- RECORDS PROVIDED:
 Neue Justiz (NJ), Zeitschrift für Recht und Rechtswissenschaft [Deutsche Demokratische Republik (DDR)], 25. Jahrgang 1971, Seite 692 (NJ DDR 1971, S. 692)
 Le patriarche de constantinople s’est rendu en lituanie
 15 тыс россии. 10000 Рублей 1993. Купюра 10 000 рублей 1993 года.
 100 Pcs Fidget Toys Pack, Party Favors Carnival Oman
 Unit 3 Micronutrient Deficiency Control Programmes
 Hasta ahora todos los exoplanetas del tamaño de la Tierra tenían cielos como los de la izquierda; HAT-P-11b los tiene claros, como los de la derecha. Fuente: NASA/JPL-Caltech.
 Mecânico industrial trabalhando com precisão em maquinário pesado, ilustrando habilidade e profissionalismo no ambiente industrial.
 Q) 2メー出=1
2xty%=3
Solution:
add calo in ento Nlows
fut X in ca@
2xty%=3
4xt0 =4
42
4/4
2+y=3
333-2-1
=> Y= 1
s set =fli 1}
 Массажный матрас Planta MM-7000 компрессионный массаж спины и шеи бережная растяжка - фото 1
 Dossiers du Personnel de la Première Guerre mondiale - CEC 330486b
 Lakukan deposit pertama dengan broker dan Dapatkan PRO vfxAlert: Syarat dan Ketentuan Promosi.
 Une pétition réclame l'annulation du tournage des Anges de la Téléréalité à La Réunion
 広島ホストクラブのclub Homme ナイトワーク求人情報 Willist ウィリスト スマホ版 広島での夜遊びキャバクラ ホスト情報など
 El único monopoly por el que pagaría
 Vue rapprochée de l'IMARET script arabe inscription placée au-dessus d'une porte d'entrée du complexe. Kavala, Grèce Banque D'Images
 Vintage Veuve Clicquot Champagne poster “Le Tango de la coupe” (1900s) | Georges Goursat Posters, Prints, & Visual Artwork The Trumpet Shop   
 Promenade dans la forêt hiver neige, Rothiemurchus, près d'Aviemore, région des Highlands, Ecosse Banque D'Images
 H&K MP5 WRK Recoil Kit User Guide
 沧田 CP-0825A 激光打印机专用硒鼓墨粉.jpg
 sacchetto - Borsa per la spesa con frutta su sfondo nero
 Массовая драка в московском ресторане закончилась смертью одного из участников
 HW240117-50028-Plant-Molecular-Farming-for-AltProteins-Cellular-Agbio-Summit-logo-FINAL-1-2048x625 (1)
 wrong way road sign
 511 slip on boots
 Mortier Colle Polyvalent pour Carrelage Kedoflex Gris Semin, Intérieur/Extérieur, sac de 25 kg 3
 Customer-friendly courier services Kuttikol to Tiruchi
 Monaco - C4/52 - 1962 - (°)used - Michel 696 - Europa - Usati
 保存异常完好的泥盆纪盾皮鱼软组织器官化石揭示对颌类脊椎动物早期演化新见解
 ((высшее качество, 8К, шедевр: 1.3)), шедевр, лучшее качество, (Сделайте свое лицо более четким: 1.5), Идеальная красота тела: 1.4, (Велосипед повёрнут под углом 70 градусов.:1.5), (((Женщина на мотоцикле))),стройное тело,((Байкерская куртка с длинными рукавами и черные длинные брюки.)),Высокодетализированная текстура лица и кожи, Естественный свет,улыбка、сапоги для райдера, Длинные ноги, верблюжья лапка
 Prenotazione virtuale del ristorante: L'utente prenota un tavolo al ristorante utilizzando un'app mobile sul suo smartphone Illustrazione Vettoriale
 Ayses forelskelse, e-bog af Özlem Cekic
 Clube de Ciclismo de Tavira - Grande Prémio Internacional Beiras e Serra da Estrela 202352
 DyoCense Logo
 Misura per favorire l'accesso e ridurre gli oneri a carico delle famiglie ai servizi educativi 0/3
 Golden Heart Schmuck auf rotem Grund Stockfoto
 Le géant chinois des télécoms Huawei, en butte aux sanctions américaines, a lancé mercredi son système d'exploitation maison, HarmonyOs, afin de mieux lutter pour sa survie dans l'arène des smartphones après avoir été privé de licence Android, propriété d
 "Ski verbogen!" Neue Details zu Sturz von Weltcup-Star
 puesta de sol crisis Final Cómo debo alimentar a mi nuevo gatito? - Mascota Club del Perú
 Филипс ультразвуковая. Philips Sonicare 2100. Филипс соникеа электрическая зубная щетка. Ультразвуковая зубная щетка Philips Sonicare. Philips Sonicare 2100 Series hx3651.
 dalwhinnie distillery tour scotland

- EXERCISE: Each line of the material must be restated exactly.

- OUTPUT FOR THIS TASK:
 Neue Justiz (NJ), Zeitschrift für Recht und Rechtswissenschaft [Deutsche Demokratische Republik (DDR)], 25. Jahrgang 1971, Seite 692 (NJ DDR 1971, S. 692)
 Le patriarche de constantinople s’est rendu en lituanie
 15 тыс россии. 10000 Рублей 1993. Купюра 10 000 рублей 1993 года.
 100 Pcs Fidget Toys Pack, Party Favors Carnival Oman
 Unit 3 Micronutrient Deficiency Control Programmes
 Hasta ahora todos los exoplanetas del tamaño de la Tierra tenían cielos como los de la izquierda; HAT-P-11b los tiene claros, como los de la derecha. Fuente: NASA/JPL-Caltech.
 Mecânico industrial trabalhando com precisão em maquinário pesado, ilustrando habilidade e profissionalismo no ambiente industrial.
 Q) 2メー出=1
2xty%=3
Solution:
add calo in ento Nlows
fut X in ca@
2xty%=3
4xt0 =4
42
4/4
2+y=3
333-2-1
=> Y= 1
s set =fli 1}
 Массажный матрас Planta MM-7000 компрессионный массаж спины и шеи бережная растяжка - фото 1
 Dossiers du Personnel de la Première Guerre mondiale - CEC 330486b
 Lakukan deposit pertama dengan broker dan Dapatkan PRO vfxAlert: Syarat dan Ketentuan Promosi.
 Une pétition réclame l'annulation du tournage des Anges de la Téléréalité à La Réunion
 広島ホストクラブのclub Homme ナイトワーク求人情報 Willist ウィリスト スマホ版 広島での夜遊びキャバクラ ホスト情報など
 El único monopoly por el que pagaría
 Vue rapprochée de l'IMARET script arabe inscription placée au-dessus d'une porte d'entrée du complexe. Kavala, Grèce Banque D'Images
 Vintage Veuve Clicquot Champagne poster “Le Tango de la coupe” (1900s) | Georges Goursat Posters, Prints, & Visual Artwork The Trumpet Shop   
 Promenade dans la forêt hiver neige, Rothiemurchus, près d'Aviemore, région des Highlands, Ecosse Banque D'Images
 H&K MP5 WRK Recoil Kit User Guide
 沧田 CP-0825A 激光打印机专用硒鼓墨粉.jpg
 sacchetto - Borsa per la spesa con frutta su sfondo nero
 Массовая драка в московском ресторане закончилась смертью одного из участников
 HW240117-50028-Plant-Molecular-Farming-for-AltProteins-Cellular-Agbio-Summit-logo-FINAL-1-2048x625 (1)
 wrong way road sign
 511 slip on boots
 Mortier Colle Polyvalent pour Carrelage Kedoflex Gris Semin, Intérieur/Extérieur, sac de 25 kg 3
 Customer-friendly courier services Kuttikol to Tiruchi
 Monaco - C4/52 - 1962 - (°)used - Michel 696 - Europa - Usati
 保存异常完好的泥盆纪盾皮鱼软组织器官化石揭示对颌类脊椎动物早期演化新见解
 ((высшее качество, 8К, шедевр: 1.3)), шедевр, лучшее качество, (Сделайте свое лицо более четким: 1.5), Идеальная красота тела: 1.4, (Велосипед повёрнут под углом 70 градусов.:1.5), (((Женщина на мотоцикле))),стройное тело,((Байкерская куртка с длинными рукавами и черные длинные брюки.)),Высокодетализированная текстура лица и кожи, Естественный свет,улыбка、сапоги для райдера, Длинные ноги, верблюжья лапка
 Prenotazione virtuale del ristorante: L'utente prenota un tavolo al ristorante utilizzando un'app mobile sul suo smartphone Illustrazione Vettoriale
 Ayses forelskelse, e-bog af Özlem Cekic
 Clube de Ciclismo de Tavira - Grande Prémio Internacional Beiras e Serra da Estrela 202352
 DyoCense Logo
 Misura per favorire l'accesso e ridurre gli oneri a carico delle famiglie ai servizi educativi 0/3
 Golden Heart Schmuck auf rotem Grund Stockfoto
 Le géant chinois des télécoms Huawei, en butte aux sanctions américaines, a lancé mercredi son système d'exploitation maison, HarmonyOs, afin de mieux lutter pour sa survie dans l'arène des smartphones après avoir été privé de licence Android, propriété d
 "Ski verbogen!" Neue Details zu Sturz von Weltcup-Star
 puesta de sol crisis Final Cómo debo alimentar a mi nuevo gatito? - Mascota Club del Perú
 Филипс ультразвуковая. Philips Sonicare 2100. Филипс соникеа электрическая зубная щетка. Ультразвуковая зубная щетка Philips Sonicare. Philips Sonicare 2100 Series hx3651.
 dalwhinnie distillery tour scotland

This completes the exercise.